# Dropped calls



## jbmilman (Dec 14, 2011)

I cant seem to put my finger on why or how but i can almost guarantee that if I am on a call that is important the phone will reboot. I only have this problem when I am on the phone. I have a friend in town that has a strat and we are both having the same issue. We are both also running tweakstock.

any thoughts?


----------



## dwitherell (Jul 23, 2011)

jbmilman said:


> I cant seem to put my finger on why or how but i can almost guarantee that if I am on a call that is important the phone will reboot. I only have this problem when I am on the phone. I have a friend in town that has a strat and we are both having the same issue.
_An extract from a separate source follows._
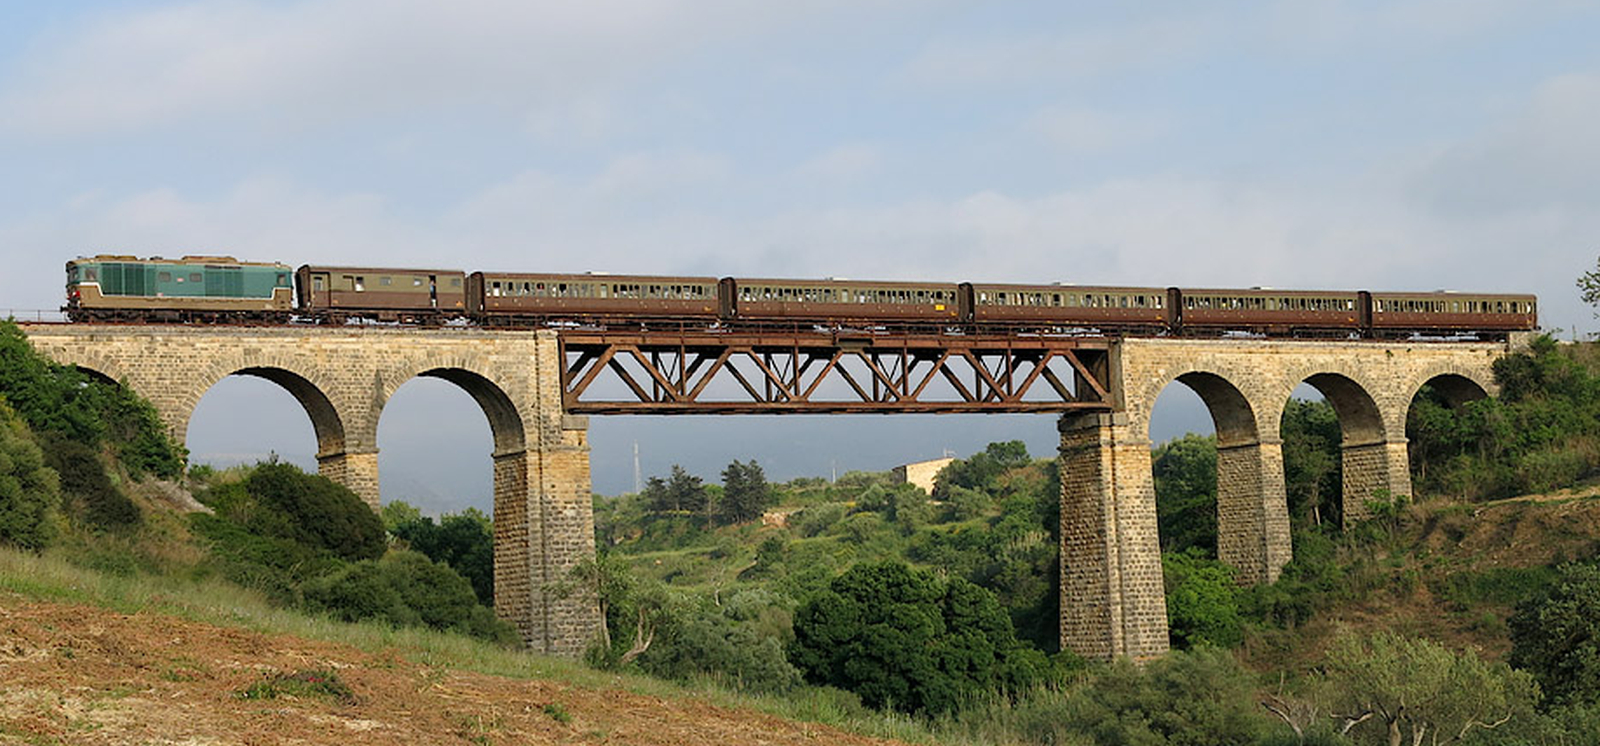 D.445.1034 with “Centoporte” carriages in May 2015 on the bridge over the Nocella between Carini and Partinico

We are both also running tweakstock.
> 
> any thoughts?


How far into calls does this usually occur? I've read reports of such things, and from what I can tell it's an EI2 issue.


----------



## jbmilman (Dec 14, 2011)

its really random sometimes within a minute of use or it will make it 15 or 20 minutes. sometimes not at all. i usually only use a couple hundred minutes a month so I am not really the best test subject. I was just hoping someone knew what it was so i could avoid that issue. seems to be completely random from what i can tell.


----------



## Dacooter (Jan 31, 2012)

jbmilman said:


> its really random sometimes within a minute of use or it will make it 15 or 20 minutes. sometimes not at all. i usually only use a couple hundred minutes a month so I am not really the best test subject. I was just hoping someone knew what it was so i could avoid that issue. seems to be completely random from what i can tell.


Ditto For me, its really annoying!


----------



## imnuts (Jun 9, 2011)

Is it a full reboot, or a partial reboot (ie hot boot)? Full reboot, you see the Samsung boot logo, partial you would only see the boot ani (if it shows, many times it doesn't). If it's a hot boot, odds are it's a ROM issue (possibly in stock and not related to the custom ROM), and you could see the problem by getting a full logcat dump. If it's a full reboot, it is more likely to be a kernel/hardware problem. In that case, you can pull /proc/last_kmsg and it will hopefully tell you what the issue is, and it may be able to be fixed with a custom kernel.


----------